The 68000 contract that matters to us is a clean, roomy register file — one of the reasons programmers loved this chip:
| Registers | Width | What they hold |
|---|---|---|
| D0 – D7 | 32-bit | Eight general-purpose data registers: integers, counters, pixels, flags — the arithmetic workbench. |
| A0 – A7 | 32-bit | Eight address registers: pointers into memory. A7 doubles as the stack pointer (Module 04). |
| PC | 24-bit used | The bookmark from Module 01. The address bus is 24 bits, so it reaches 16 MB. |
| SR / CCR | 16-bit | The status register; its low byte is the condition-code register — flags X N Z V C (Module 08) — its high byte holds the interrupt mask (Module 05). |
Two register banks, eight of each, all 32 bits wide even though the chip talks to memory 16 bits at a time — a generous, orthogonal layout that made the 68000 a joy to program by hand. We'll put every one of these to work in Part II.

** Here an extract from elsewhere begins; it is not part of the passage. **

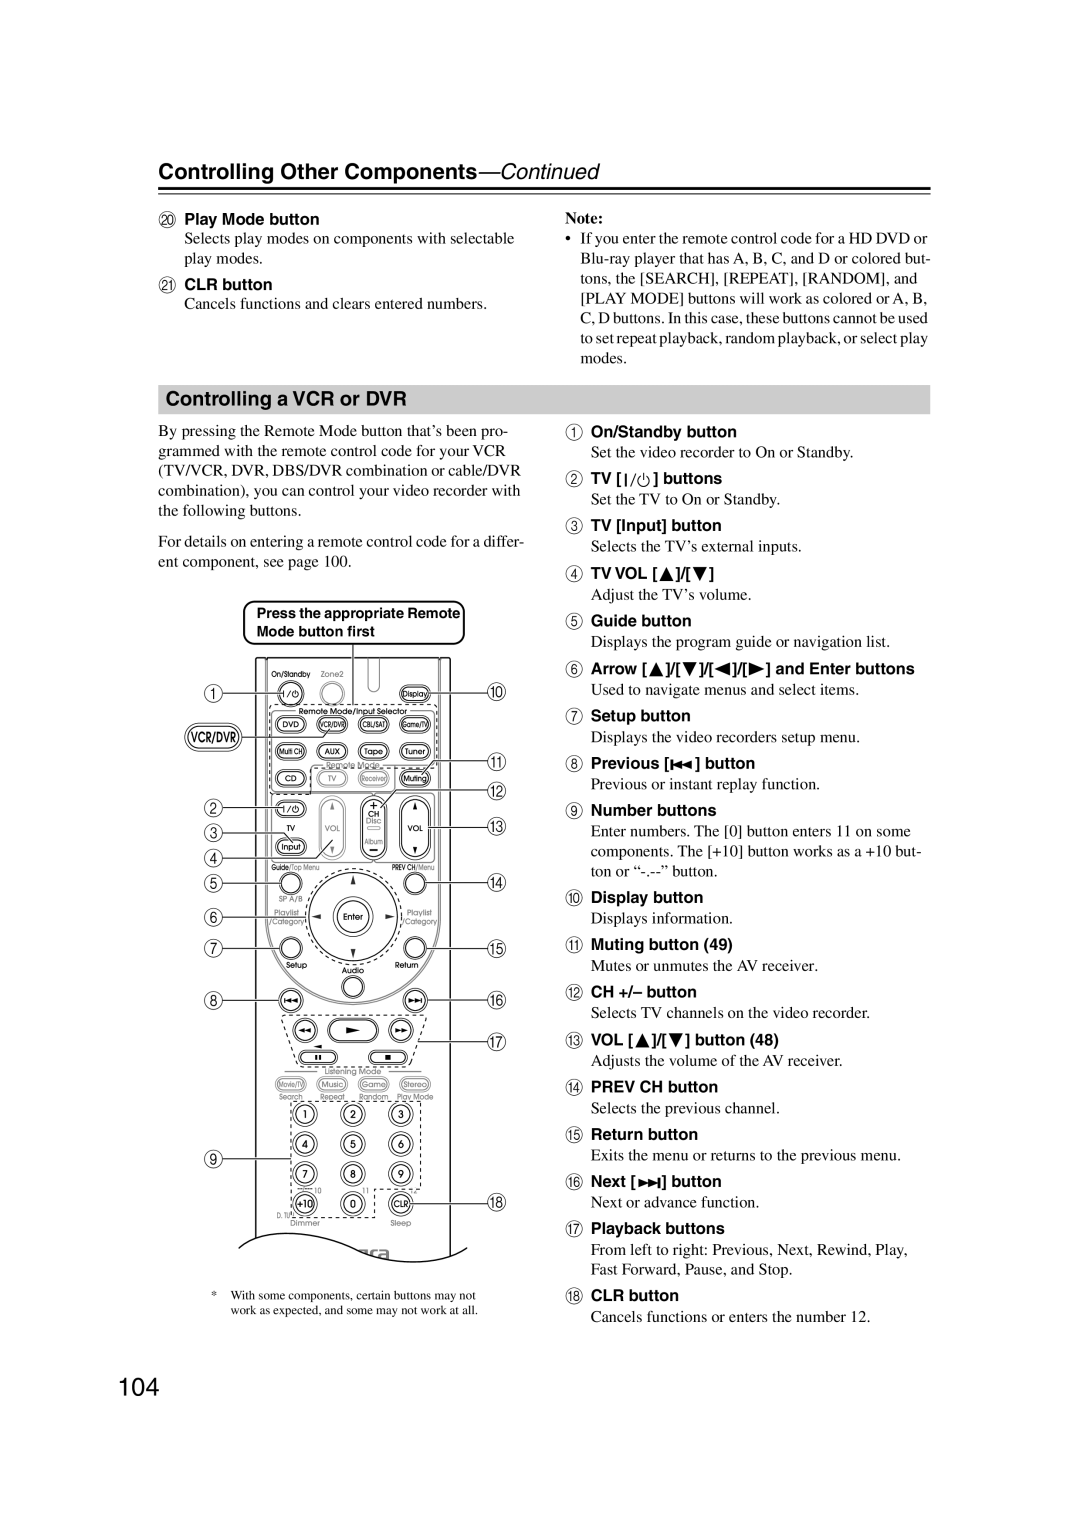 Integra DTR-5.9 instruction manual Controlling a VCR or DVR, Controlling Other Components—Continued

- Registers are a few dozen ultra-fast slots inside the CPU; memory is the big, slow warehouse.
- RISC forbids arithmetic-on-memory; CISC (the 68000) allows a single instruction to read, compute and write memory.

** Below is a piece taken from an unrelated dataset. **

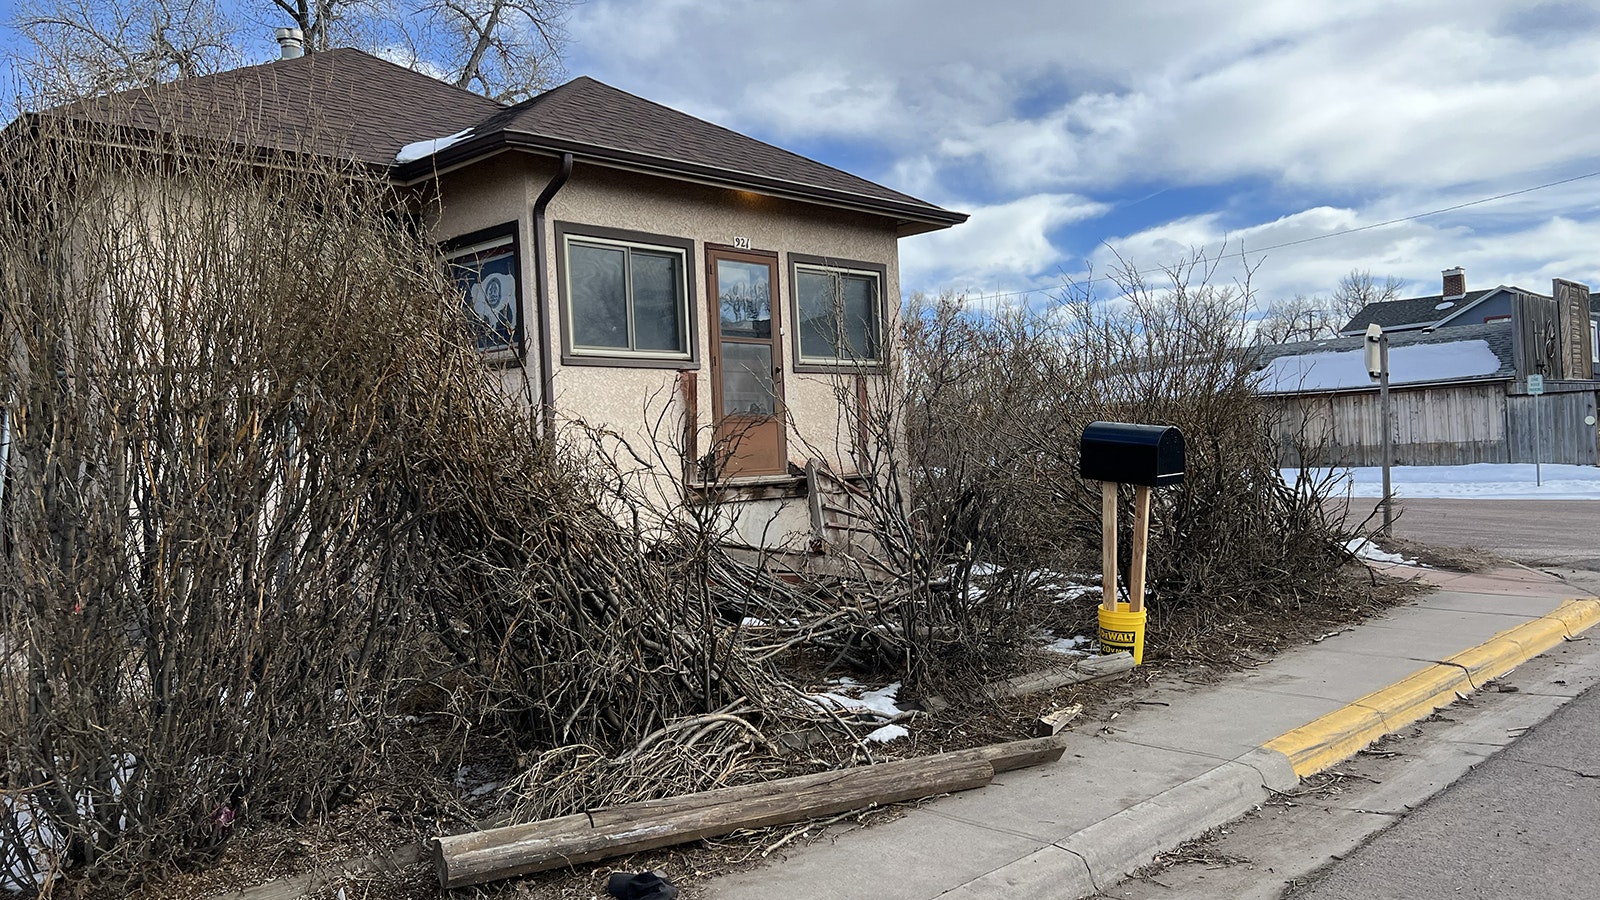 The front steps and porch of this house were taken out by a car that led Laramie police on a chase exceeding 100 mph at one point.

- An ISA is a contract; a chip is an implementation. The 68000 is a family, and emulators implement its contract in software.
- The 68000 gives you eight 32-bit data registers (D0–D7) and eight 32-bit address registers (A0–A7, with A7 = stack pointer).
Numbers in binary
Everything a CPU touches is stored in bits —
switches that are either 0 or 1. A row of bits reads as a number in
binary, exactly like decimal but with columns worth
1, 2, 4, 8, 16… instead of 1, 10, 100. So 1011 is
8 + 2 + 1 = 11. With n bits you
get 2n patterns: a byte (8 bits) covers 0–255, and the
68000's 32-bit registers cover a bit over four billion values.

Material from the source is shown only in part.